By December 2016 they had completed the sand dam (built with the support of Rotary Clubs in Great Britain and Ireland) and shallow well. “One day, overnight, it rained and we called each other from all the villages. We were very, very happy to see water here.”As we have been chatting under the tree, I can see the shallow well in the distance with gaggles of women chatting and laughing as they pump clear water into jerry cans. They come and go, queuing for a few minutes before disappearing off to their homes. “The plan is now to plant vegetables here, as well as to build another sand dam this year and construct two school water tanks.”
Japheth, one of the only men amongst a sea of women, motions for a moment to speak. “The remaining distance that we have to walk together as a group will now not defeat us because we have already done the hardest bit and we will continue.”
We ask about other changes since the sand dam for local people and Ana Munyoki chips in with a grin. “Now I sleep up until 6am. I have sufficient water for the household. We now have more time to spend with our husbands, our families.” Vigorous head bobbing spreads around the group. Women shoulder the burden of water collection in these areas so they feel the changes deeply.
The shallow well, now successfully providing water, has also helped relieve social burdens. “It is a source of income for us. Before, when we had issues that needed financial intervention, we had to get money from our own pockets. But now we can get money from there.” In such poverty stricken areas, people have grown accustomed to sacrificing their own income for others in need. “One of the local community members has been hospitalised and his family asked for assistance.” Previously the members would have found what few shillings they could from their own pockets to help, but now, “we decided to borrow 500 shillings from the proceeds of water sales to help out.”

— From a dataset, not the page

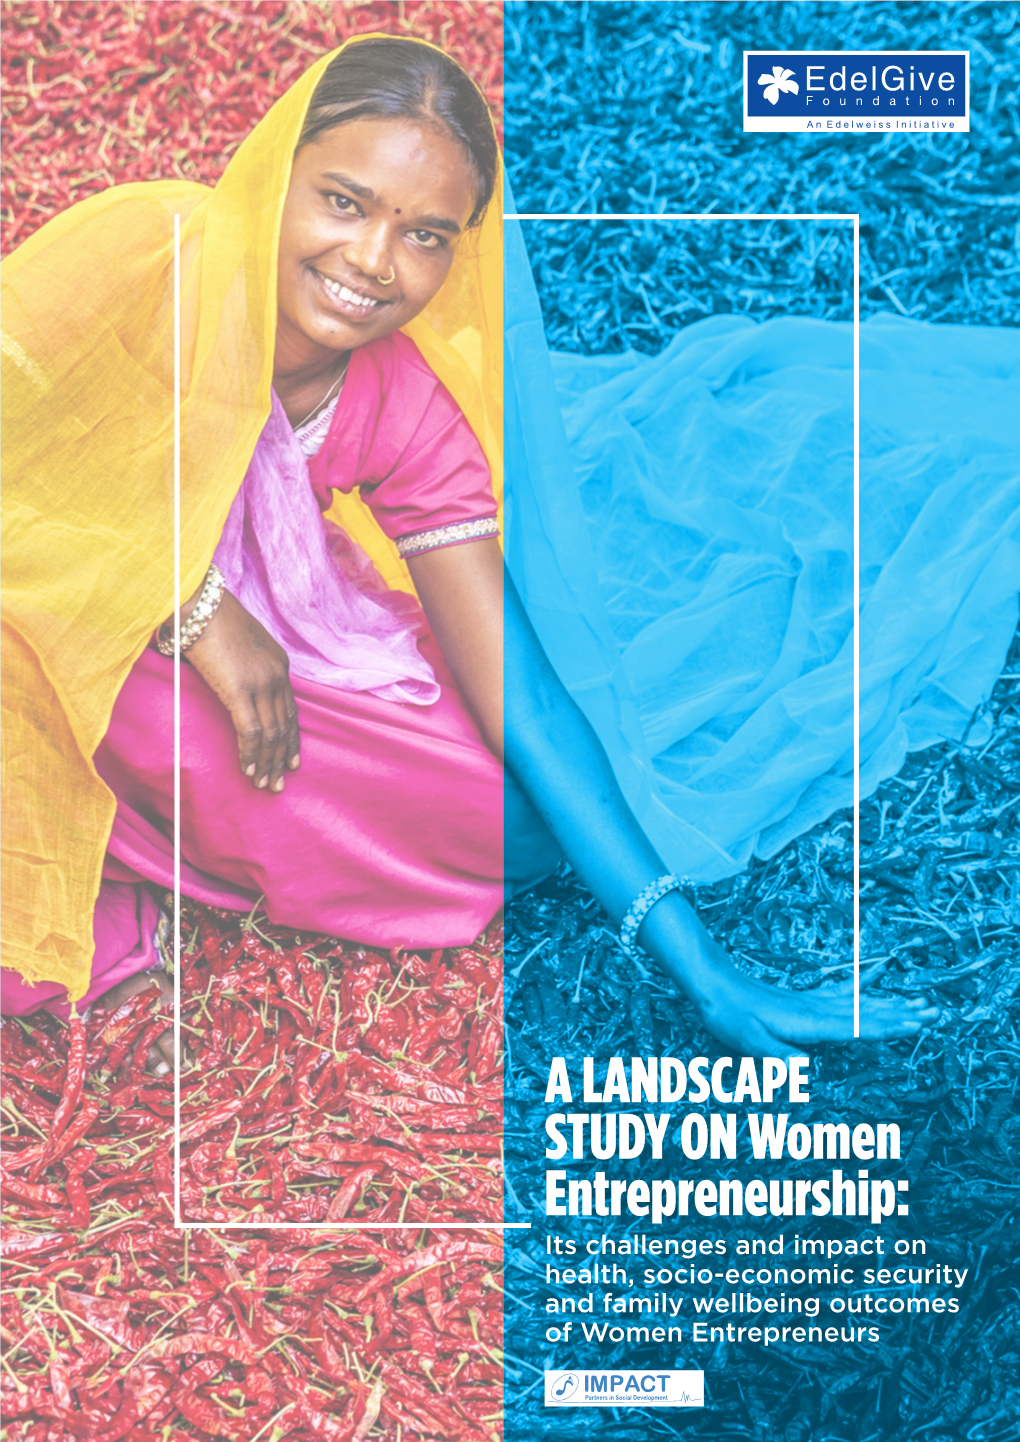 LANDSCAPE STUDY on Women Entrepreneurship: Its Challenges and Impact on Health, Socio-Economic Security and Family Wellbeing Outcomes of Women Entrepreneurs

Wendo wa Matoki self-help group is not unique in the huge challenges they have had to overcome. However, as a group in a new region for ASDF, they are faced with becoming the example for others to follow.
It (the shallow well) is a source of income for us. Before, when we had issues that needed financial intervention, we had to get money from our own pockets. But now we can get money from there.
Ana Munyoki, Wendo wa Matoki self-help group member.